Nerus sighed. "Could have been a lot worse," he said as he took the General's hand and gently pulled it away. They'd treated the injury with alcohol, of course, but he might still get it infected if he kept dabbing his dirty fingers all over it.

He took a bandage from the medical kit and began wrapping it around the General's head. "No-one died. Agrippa is the only serious casualty. Other than him, it's just bites and cuts. They'll need to be seen to, of course, and soon. You know how fast con bites fester."

Patroclus nodded. "My fault. I led us right into the ambush..."

"You got us out of the ambush. There must have been twenty of them, and they took us cold, by surprise. According to standard military doctrine, we should all be dead." He glanced across at a large, hairy corpse lying in the entrance to one of the corridors.

The General smiled. "I've never been a big fan of standard military doctrine."

"That has been commented upon by many people. Makes me wonder how you ever got to be a General."

"His Lordship and I have something in common. We both like results, and we don't much care how we get them."

He waited patiently for the Captain to finish bandaging his head, then reached for his backpack and removed the Coronet of Farspeaking. The bandages made it awkward to sit it on his head and, as usual, he was acutely aware of how it looked on him with all the gold and jewels. Couldn't they have made it look a little more military? he thought in annoyance. It had clearly been made for a woman, all those centuries ago, but they couldn't afford to be fussy. It worked, and that was what mattered.

He adjusted the bandages until he had the thing more or less on his head and then concentrated. After a few moments the single ruby between and above his eyes began to flicker with an inner red fire as contact was made. The flicker failed to become a steady glow, though, indicating that the spell connecting him with his Lord had weakened still further. The further they went, the weaker it got.
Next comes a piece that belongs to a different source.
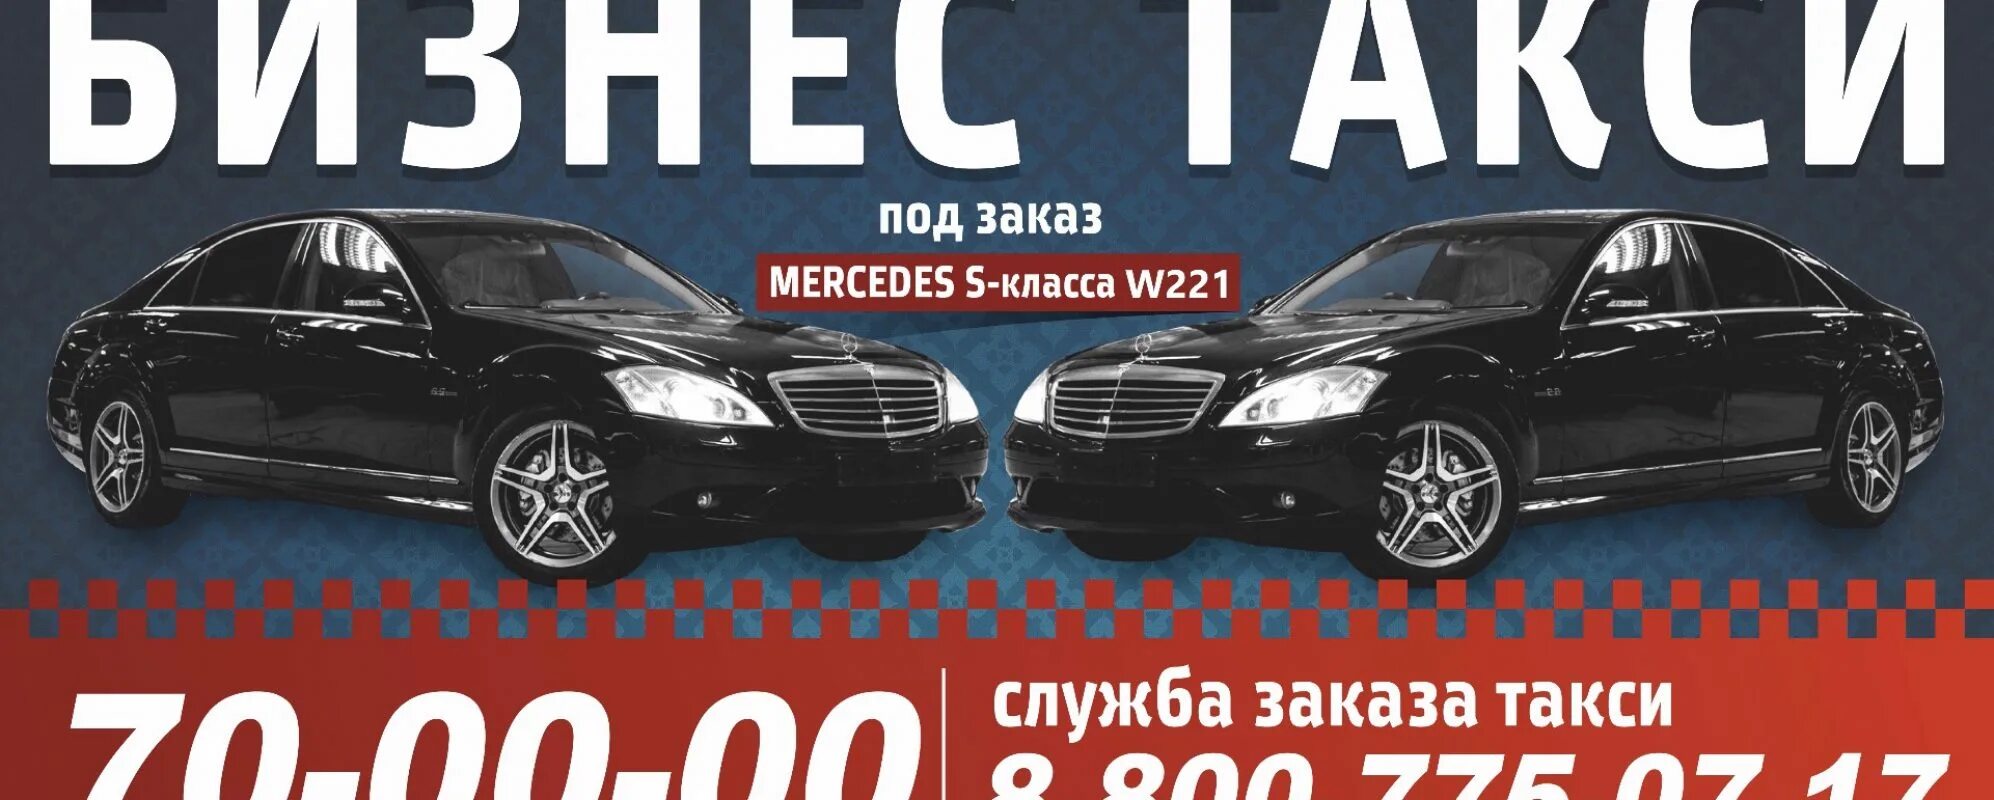 Такси бизнес класса. Бизнес такси Волгоград. Вип такси Волгоград. Такси в Волгограде номера телефонов.

"My Lord," he said out loud, "Can you hear me?"

"General?" said a voice in return. It sounded distorted, echoey and weak, as if it were coming through a pipe hundreds of feet long. "I can barely hear you."

"You're very weak as well, Lord," replied Patroclus, raising his voice. "I'm afraid that if we go much further we may be cut off altogether."

"Don't go any further then," said Lord Rajus. "It's important that I be able to call you back when the Konnens give in to our demands. Just circle around the city at the same distance you are now."